> _Collection entries_
= Beginning of Section =

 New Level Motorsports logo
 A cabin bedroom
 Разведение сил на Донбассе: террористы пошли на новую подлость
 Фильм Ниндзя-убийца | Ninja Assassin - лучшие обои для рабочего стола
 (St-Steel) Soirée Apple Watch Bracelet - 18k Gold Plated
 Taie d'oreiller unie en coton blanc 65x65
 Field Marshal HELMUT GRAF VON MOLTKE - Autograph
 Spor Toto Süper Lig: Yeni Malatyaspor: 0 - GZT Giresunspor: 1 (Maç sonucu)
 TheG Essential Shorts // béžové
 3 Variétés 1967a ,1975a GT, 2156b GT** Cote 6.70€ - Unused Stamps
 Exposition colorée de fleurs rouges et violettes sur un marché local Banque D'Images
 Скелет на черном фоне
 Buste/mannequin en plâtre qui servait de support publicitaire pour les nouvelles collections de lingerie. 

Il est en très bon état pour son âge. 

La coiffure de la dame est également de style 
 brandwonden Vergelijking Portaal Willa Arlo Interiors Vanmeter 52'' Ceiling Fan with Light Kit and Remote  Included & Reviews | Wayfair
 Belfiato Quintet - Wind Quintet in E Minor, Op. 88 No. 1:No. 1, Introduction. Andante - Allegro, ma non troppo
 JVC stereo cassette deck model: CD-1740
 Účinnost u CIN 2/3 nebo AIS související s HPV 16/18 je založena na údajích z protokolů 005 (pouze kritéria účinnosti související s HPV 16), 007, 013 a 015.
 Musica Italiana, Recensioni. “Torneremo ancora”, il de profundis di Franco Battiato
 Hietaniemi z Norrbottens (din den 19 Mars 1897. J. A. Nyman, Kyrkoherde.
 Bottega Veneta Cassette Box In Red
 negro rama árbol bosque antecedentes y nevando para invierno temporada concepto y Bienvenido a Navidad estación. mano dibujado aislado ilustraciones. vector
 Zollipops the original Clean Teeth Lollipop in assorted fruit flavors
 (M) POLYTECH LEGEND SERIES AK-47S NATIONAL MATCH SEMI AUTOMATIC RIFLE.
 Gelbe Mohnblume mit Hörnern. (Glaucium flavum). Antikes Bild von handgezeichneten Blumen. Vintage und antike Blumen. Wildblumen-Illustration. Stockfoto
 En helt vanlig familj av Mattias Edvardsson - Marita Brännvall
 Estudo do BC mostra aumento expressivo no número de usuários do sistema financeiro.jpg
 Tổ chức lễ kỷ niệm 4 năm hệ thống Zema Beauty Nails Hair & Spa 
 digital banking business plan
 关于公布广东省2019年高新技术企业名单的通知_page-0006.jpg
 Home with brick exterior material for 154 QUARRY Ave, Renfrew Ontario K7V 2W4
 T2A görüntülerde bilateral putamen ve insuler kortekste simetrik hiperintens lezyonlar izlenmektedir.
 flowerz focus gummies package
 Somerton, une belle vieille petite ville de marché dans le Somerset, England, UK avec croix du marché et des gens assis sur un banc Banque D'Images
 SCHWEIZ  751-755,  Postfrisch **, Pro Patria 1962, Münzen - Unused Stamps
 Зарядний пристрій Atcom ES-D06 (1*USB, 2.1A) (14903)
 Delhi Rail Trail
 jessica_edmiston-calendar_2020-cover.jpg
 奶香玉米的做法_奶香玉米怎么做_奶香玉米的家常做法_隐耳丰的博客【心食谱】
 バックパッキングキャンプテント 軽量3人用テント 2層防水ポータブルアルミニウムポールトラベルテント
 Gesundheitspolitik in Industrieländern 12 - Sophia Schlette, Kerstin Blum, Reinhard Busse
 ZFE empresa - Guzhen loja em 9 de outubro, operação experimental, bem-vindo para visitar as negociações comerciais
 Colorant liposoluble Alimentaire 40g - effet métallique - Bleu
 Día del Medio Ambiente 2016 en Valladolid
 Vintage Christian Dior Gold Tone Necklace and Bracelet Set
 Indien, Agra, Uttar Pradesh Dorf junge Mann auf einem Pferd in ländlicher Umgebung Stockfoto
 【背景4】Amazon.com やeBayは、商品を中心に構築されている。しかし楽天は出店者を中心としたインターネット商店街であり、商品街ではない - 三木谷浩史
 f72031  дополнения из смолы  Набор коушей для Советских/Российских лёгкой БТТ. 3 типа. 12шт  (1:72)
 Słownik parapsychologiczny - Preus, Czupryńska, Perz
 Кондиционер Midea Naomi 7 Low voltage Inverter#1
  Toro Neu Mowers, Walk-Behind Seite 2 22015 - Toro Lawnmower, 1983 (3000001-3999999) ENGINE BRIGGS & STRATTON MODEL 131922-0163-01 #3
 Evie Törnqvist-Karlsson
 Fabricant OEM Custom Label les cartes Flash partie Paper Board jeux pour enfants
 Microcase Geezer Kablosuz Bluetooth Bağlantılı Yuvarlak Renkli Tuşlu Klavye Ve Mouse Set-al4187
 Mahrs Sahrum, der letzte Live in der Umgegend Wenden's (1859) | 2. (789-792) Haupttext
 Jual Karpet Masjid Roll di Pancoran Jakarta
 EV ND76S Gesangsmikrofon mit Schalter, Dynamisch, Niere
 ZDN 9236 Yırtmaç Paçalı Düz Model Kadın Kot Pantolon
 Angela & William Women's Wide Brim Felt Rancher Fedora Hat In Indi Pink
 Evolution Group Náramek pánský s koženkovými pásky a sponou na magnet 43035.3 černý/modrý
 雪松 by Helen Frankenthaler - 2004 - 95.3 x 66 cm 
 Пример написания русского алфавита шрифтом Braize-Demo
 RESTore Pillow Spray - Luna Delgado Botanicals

= End of Section =

> _TASK DIRECTIONS_
Copy the lines above that hold the word "Unused".

> _RESULT_
 3 Variétés 1967a ,1975a GT, 2156b GT** Cote 6.70€ - Unused Stamps
 SCHWEIZ  751-755,  Postfrisch **, Pro Patria 1962, Münzen - Unused Stamps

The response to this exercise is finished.